U.S. Treasury yields fell on early Tuesday’s trade as U.S. equities looked to extend their torrid selloff of last week, bolstering demand for haven assets ahead of a rush of debt issuance.
The bond market was closed in observance of the Labor Day holiday on Monday.
What are Treasurys doing?
The 10-year Treasury note yield TMUBMUSD10Y, 0.667% fell 4.8 basis points to 0.675%, while the 2-year note rate TMUBMUSD02Y, 0.136% edged 1.2 basis point down to 0.139%. The 30-year bond yield TMUBMUSD30Y, 1.390% tumbled 6.3 basis points to 1.409%. Bond prices move in the opposite direction of yields.
What’s driving Treasurys?
Equities were on the backfoot before the opening bell, with the Nasdaq Composite COMP, -2.69% poised for a sharp drop at the start of trading. Technology stocks have given up a chunk of gains since last week after an impressive run-up since its March lows during which they led the broader market higher.

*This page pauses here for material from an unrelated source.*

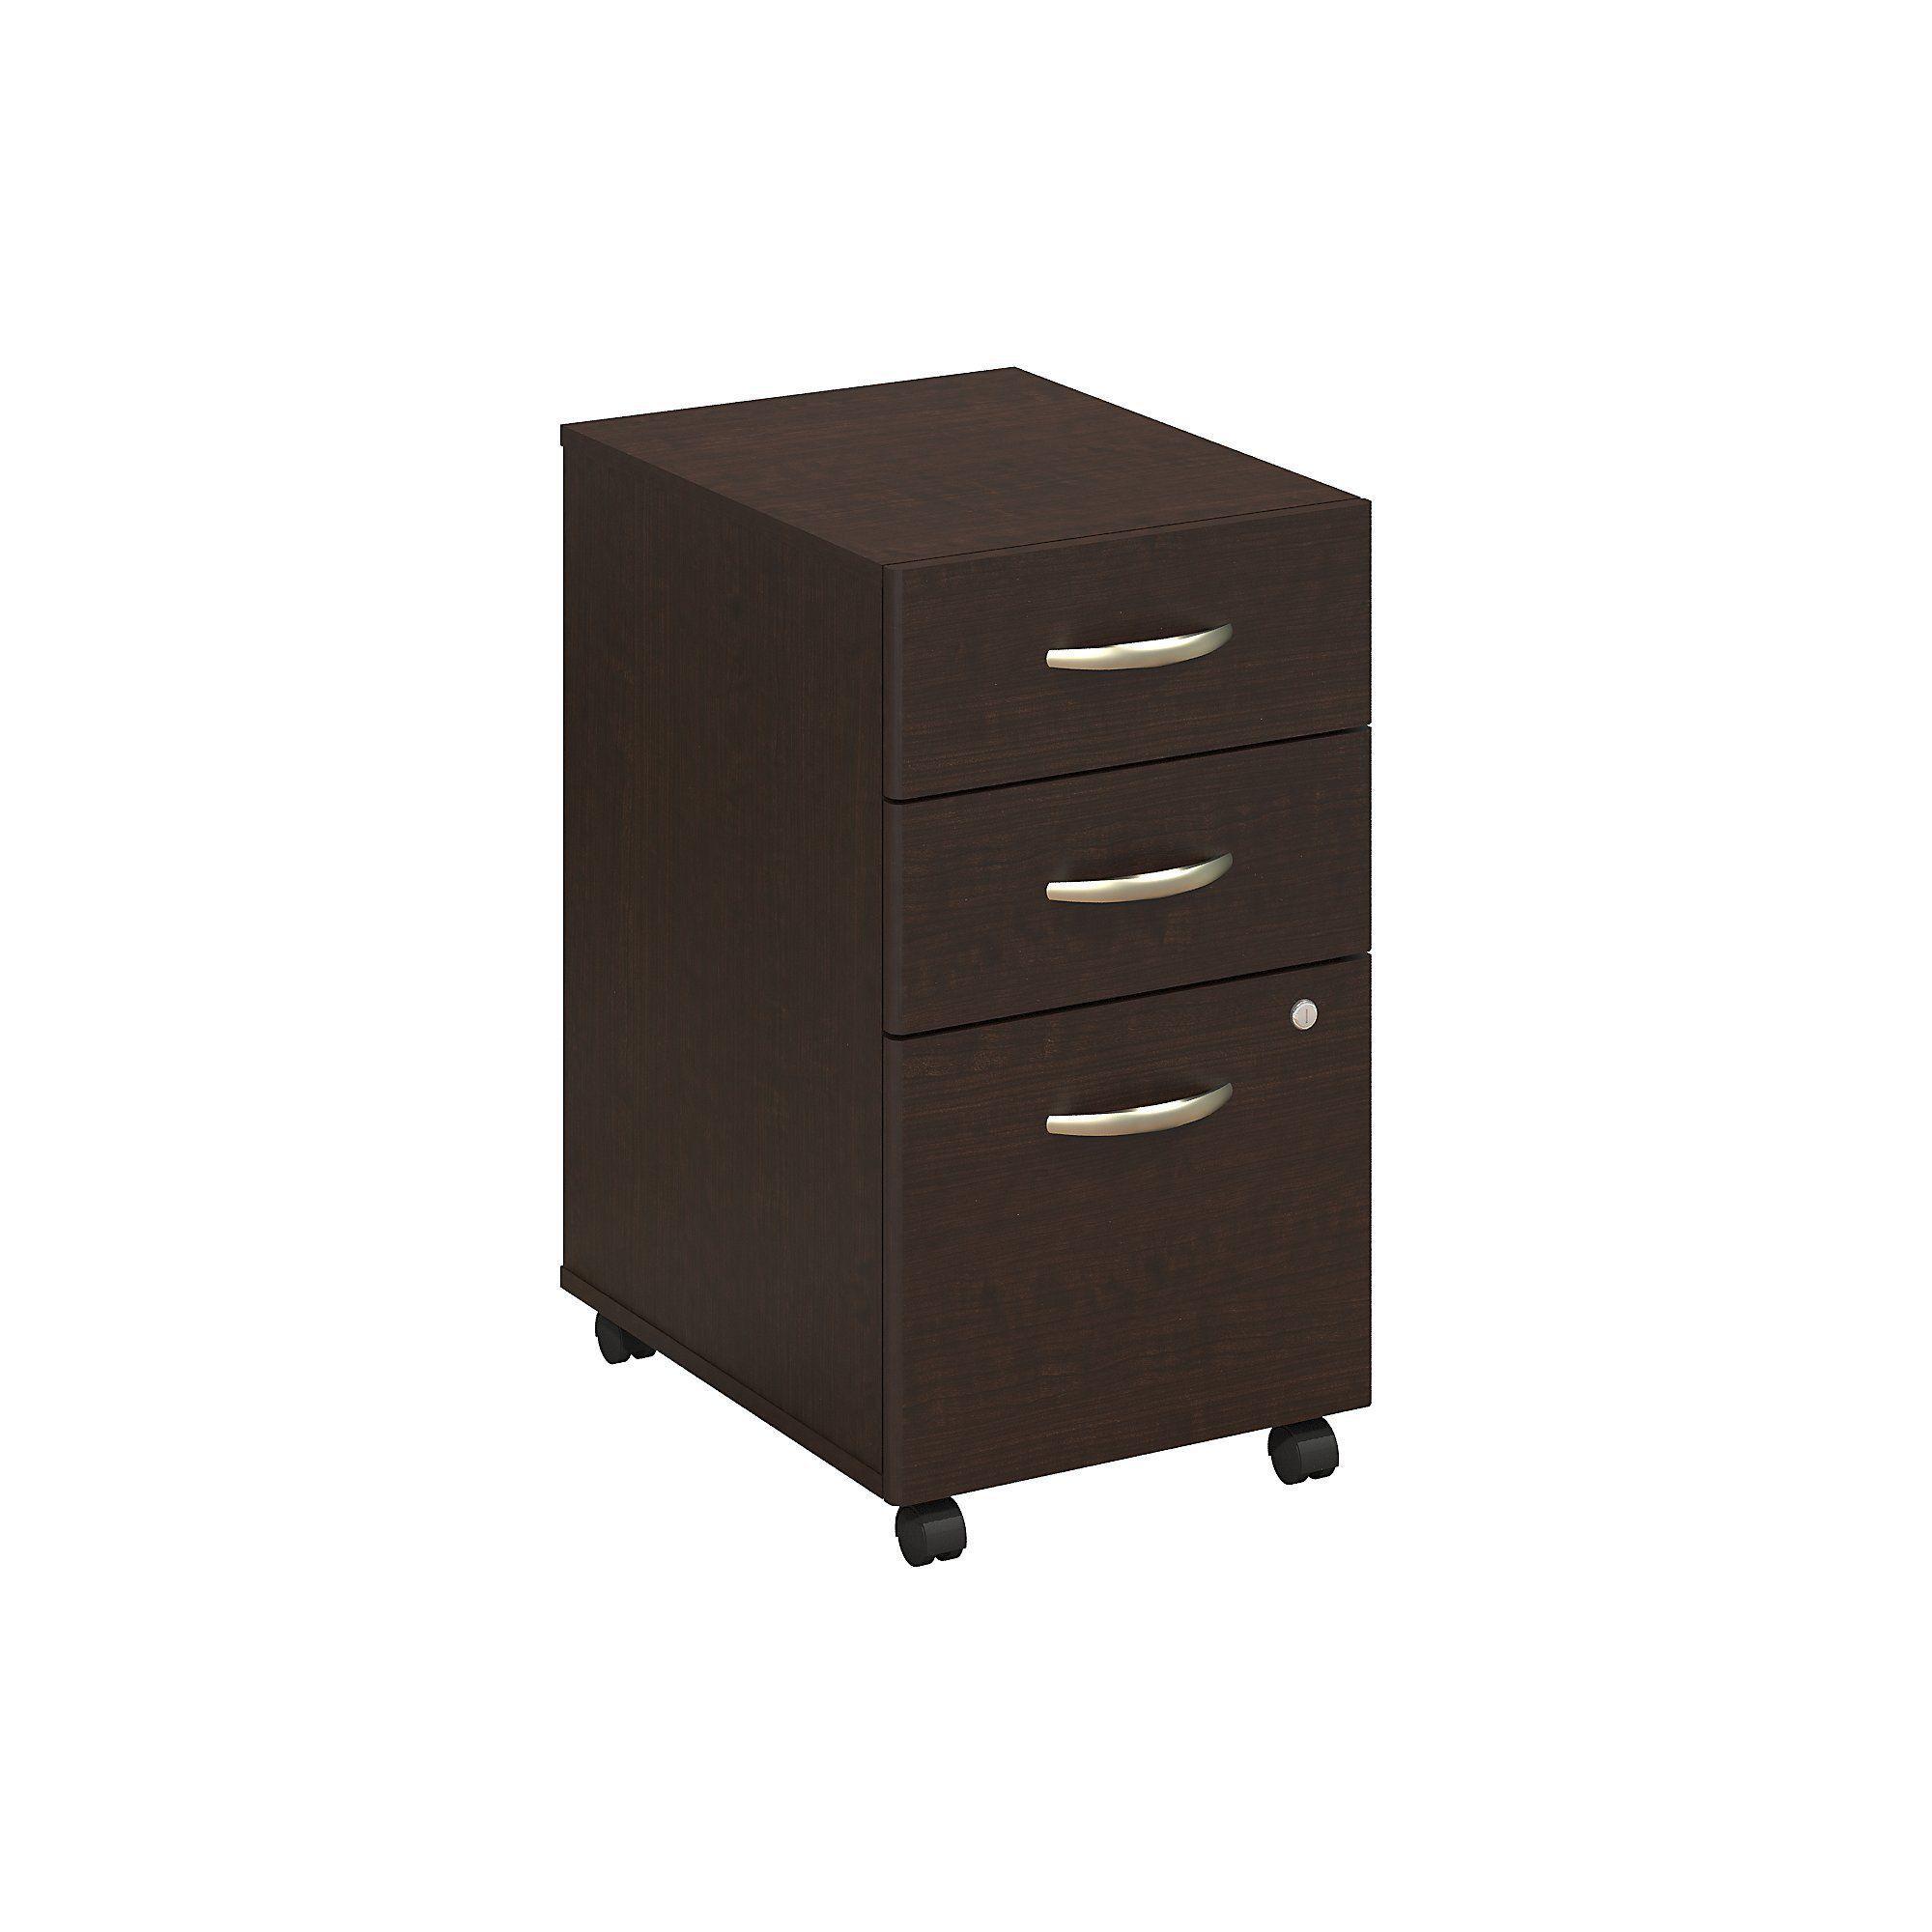 Cherry File Cabinets Bush Business Furniture Series C Mocha Cherry 3 Drawer Mobile

The ensuing bid for safe-haven assets helped to balance the usual bearish dynamics during a supply-heavy week. The Treasury Department is set to unload another round of record-tying auctions this week, with $98 billion of coupon-bearing debt set to hit investors starting from Tuesday’s $50 billion auction for 3-year notes in the afternoon.
No major U.S. economic data is due Tuesday, with most of the key data including consumer price numbers for August set for release at the end of the week. The NFIB Small Business Optimism Index came in at 100.2 in August, rising slightly from July’s 98.8 reading.
What did market participants’ say?
“Treasuries have been underpinned with a global ‘risk-off’ tone on continued stock weakness,” said Justin Lederer, an interest-rate strategist at Cantor Fitzgerald.
“For the 3 year we expect decent demand for the issue given the current market tone, Friday’s back-up … and overall expectations for the Fed to remain accommodative,” said Lederer.